**Action item**
Write out the listing from the line with "Goran Kljestan Boske" to the line with "ゴール未来受動的モデルローブ ニトリルソフト No.603 L", both lines included, exactly and nothing beyond. Leave pictures out.

**Records provided**
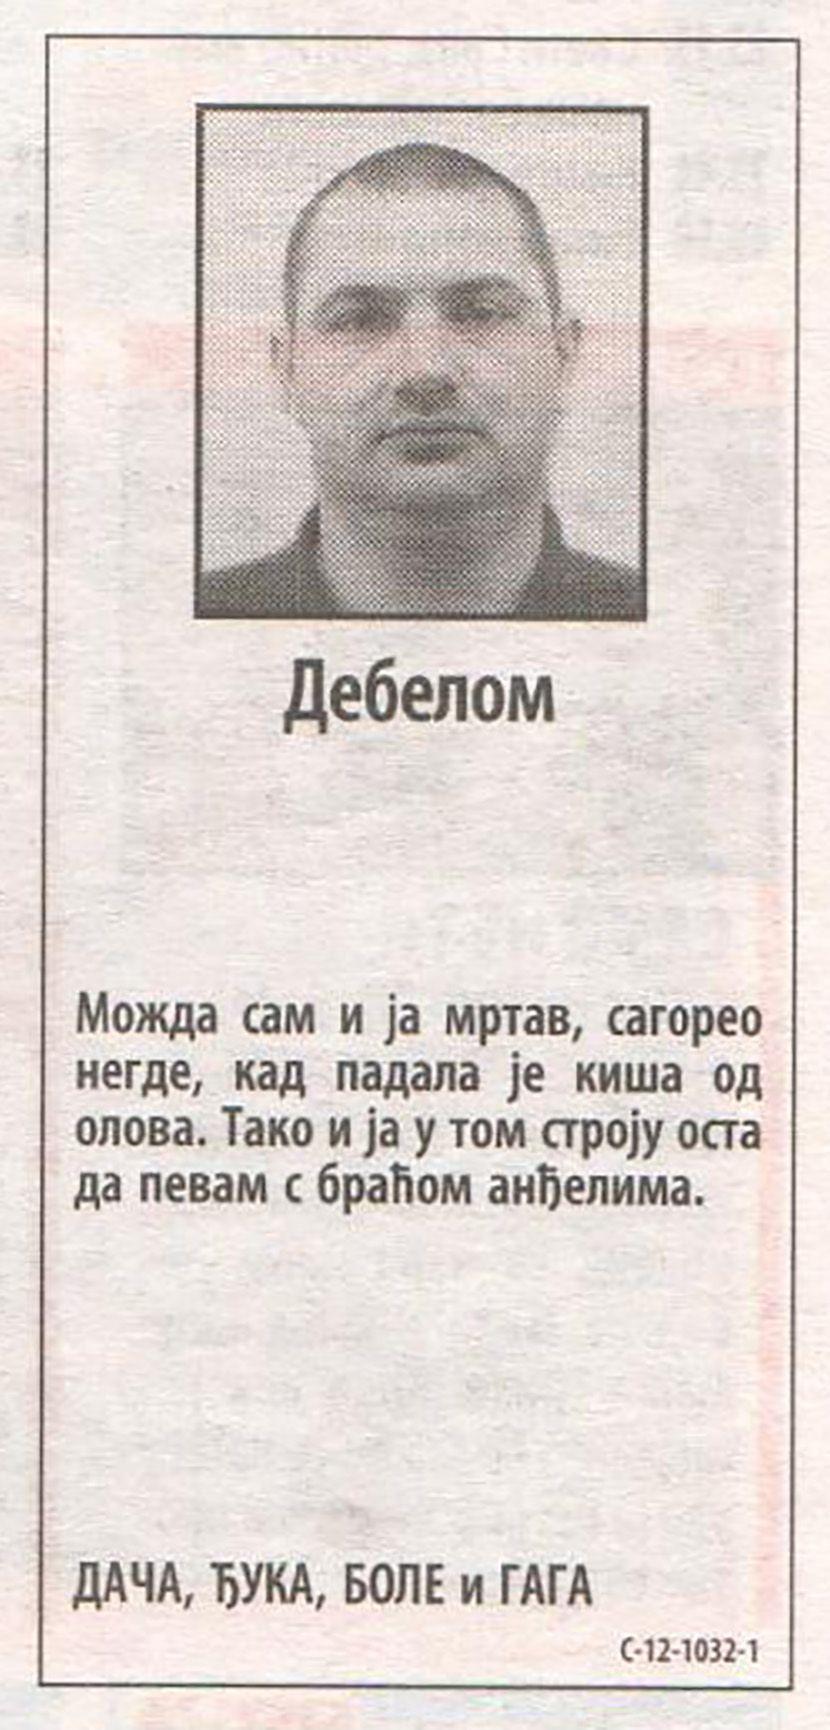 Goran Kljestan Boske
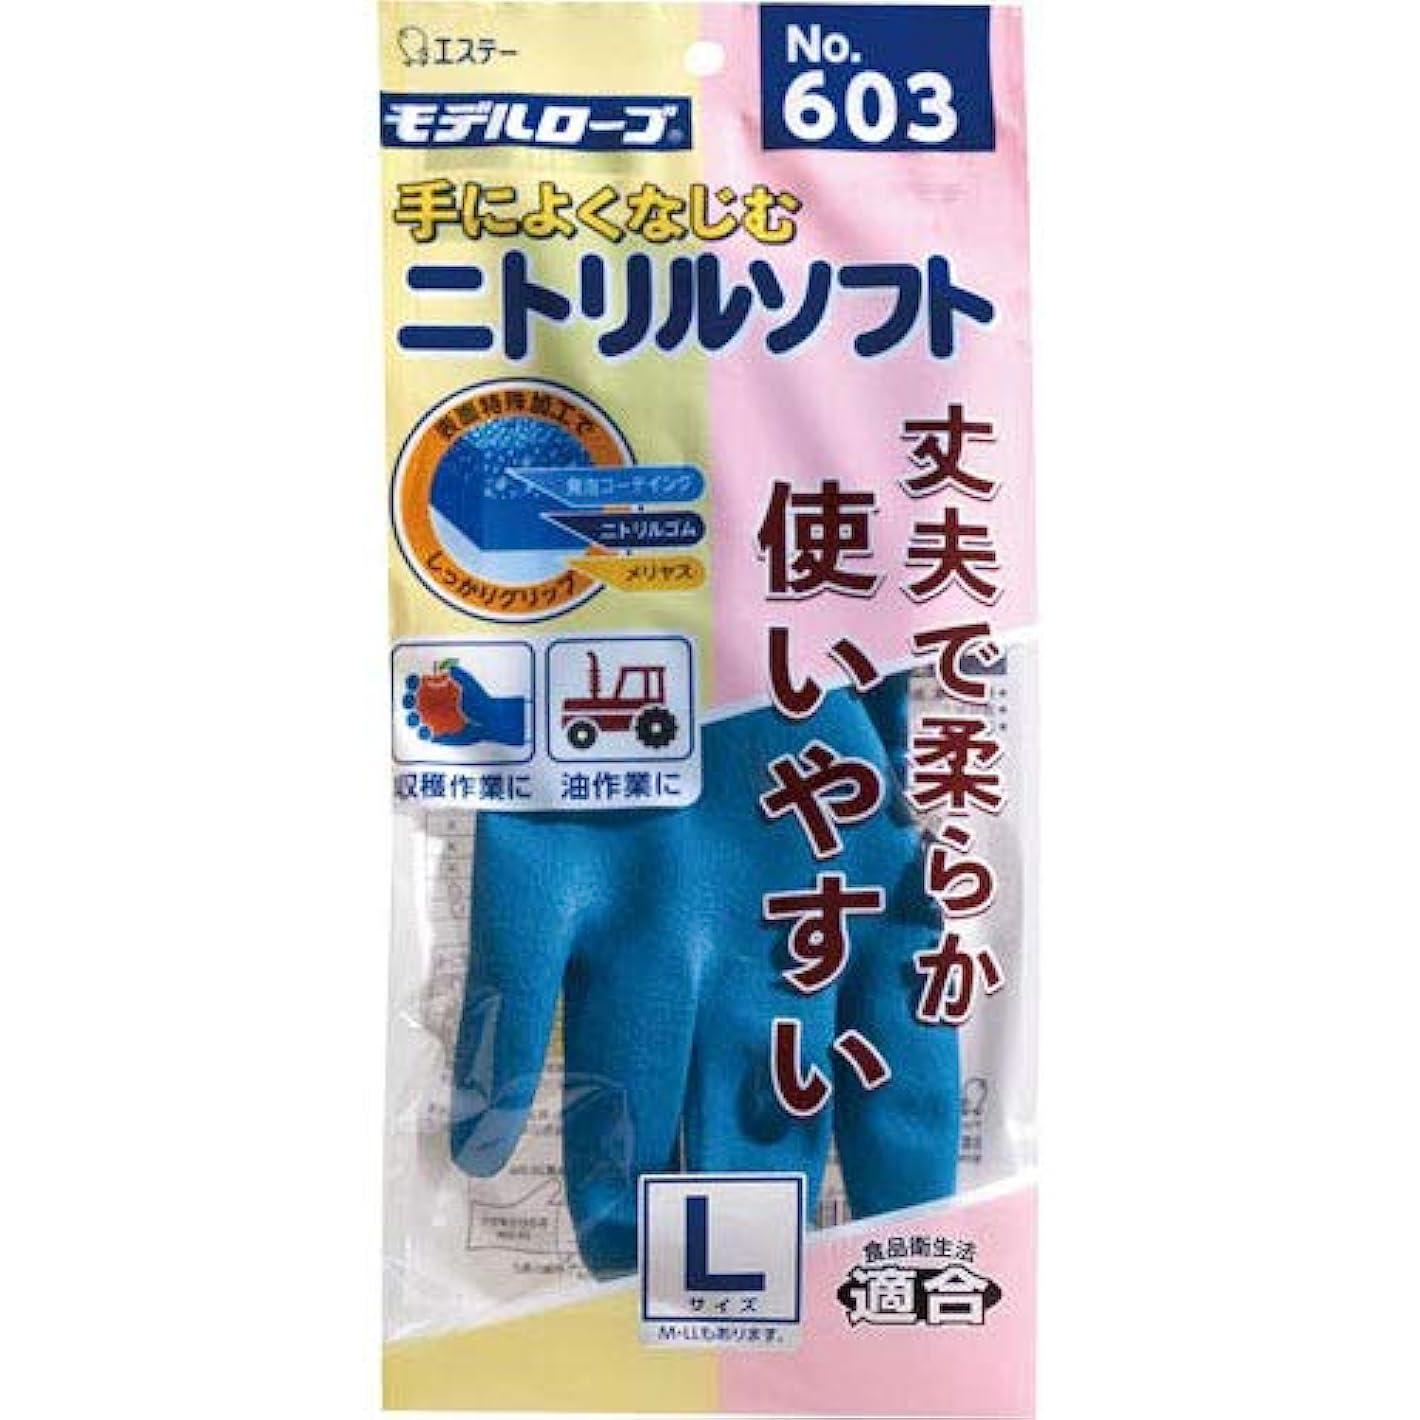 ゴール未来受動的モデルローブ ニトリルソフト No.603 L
* * *
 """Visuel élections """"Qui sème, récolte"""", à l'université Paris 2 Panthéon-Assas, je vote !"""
--
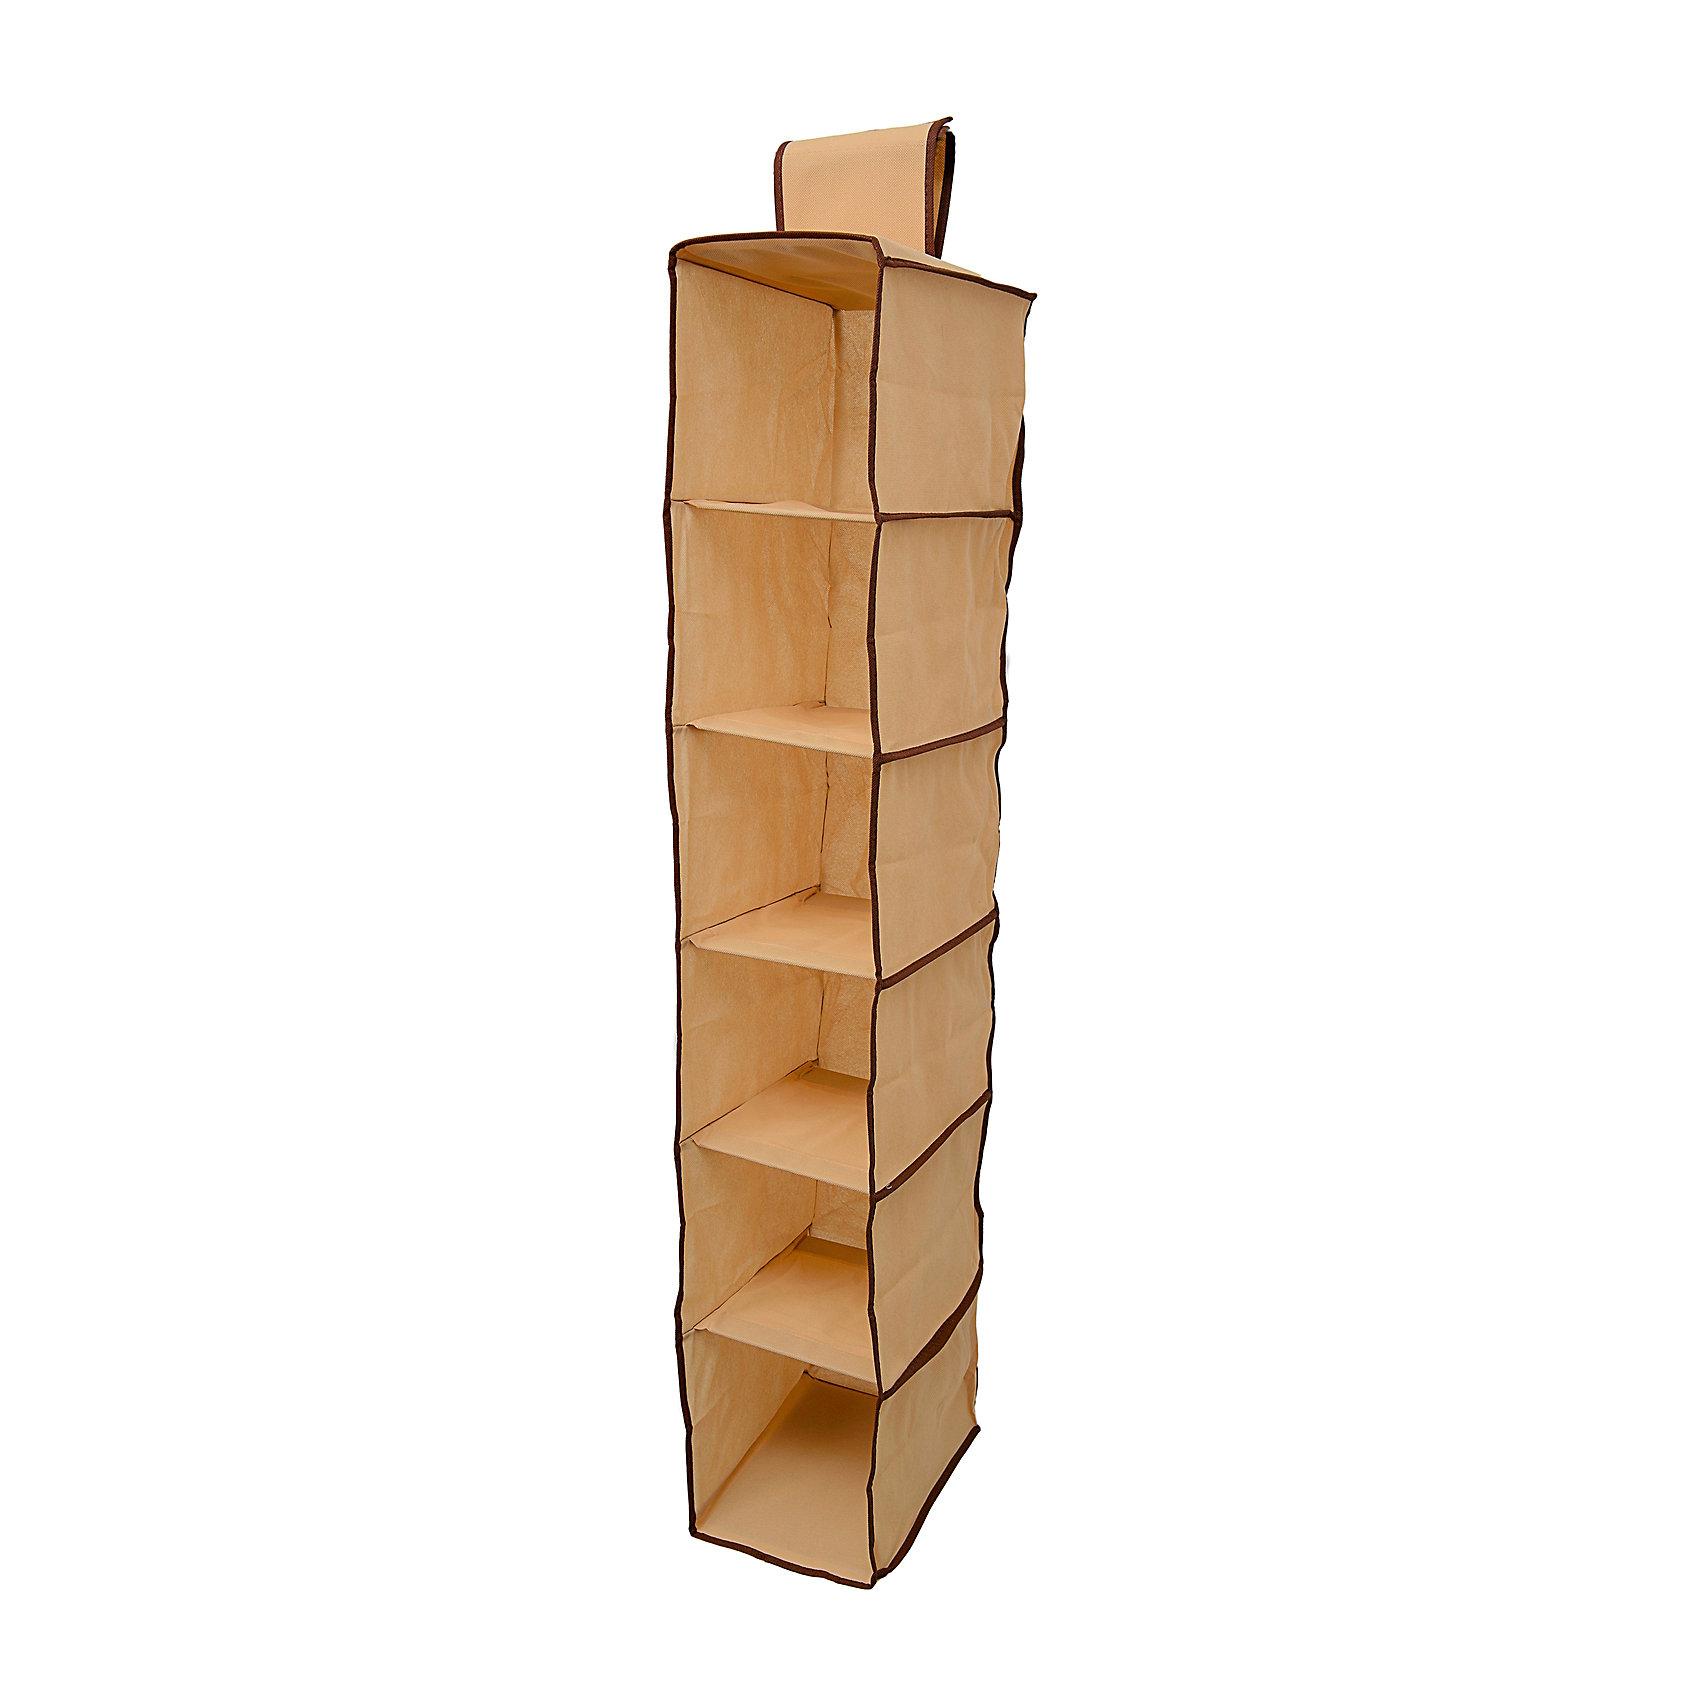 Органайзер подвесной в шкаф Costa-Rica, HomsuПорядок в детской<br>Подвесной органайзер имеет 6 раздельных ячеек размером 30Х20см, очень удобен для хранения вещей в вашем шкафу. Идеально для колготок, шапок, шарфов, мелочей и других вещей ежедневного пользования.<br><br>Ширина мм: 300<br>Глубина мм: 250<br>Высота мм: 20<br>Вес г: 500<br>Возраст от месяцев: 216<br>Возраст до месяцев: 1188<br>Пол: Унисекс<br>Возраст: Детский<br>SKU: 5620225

**Answer box**
 Goran Kljestan Boske
 ゴール未来受動的モデルローブ ニトリルソフト No.603 L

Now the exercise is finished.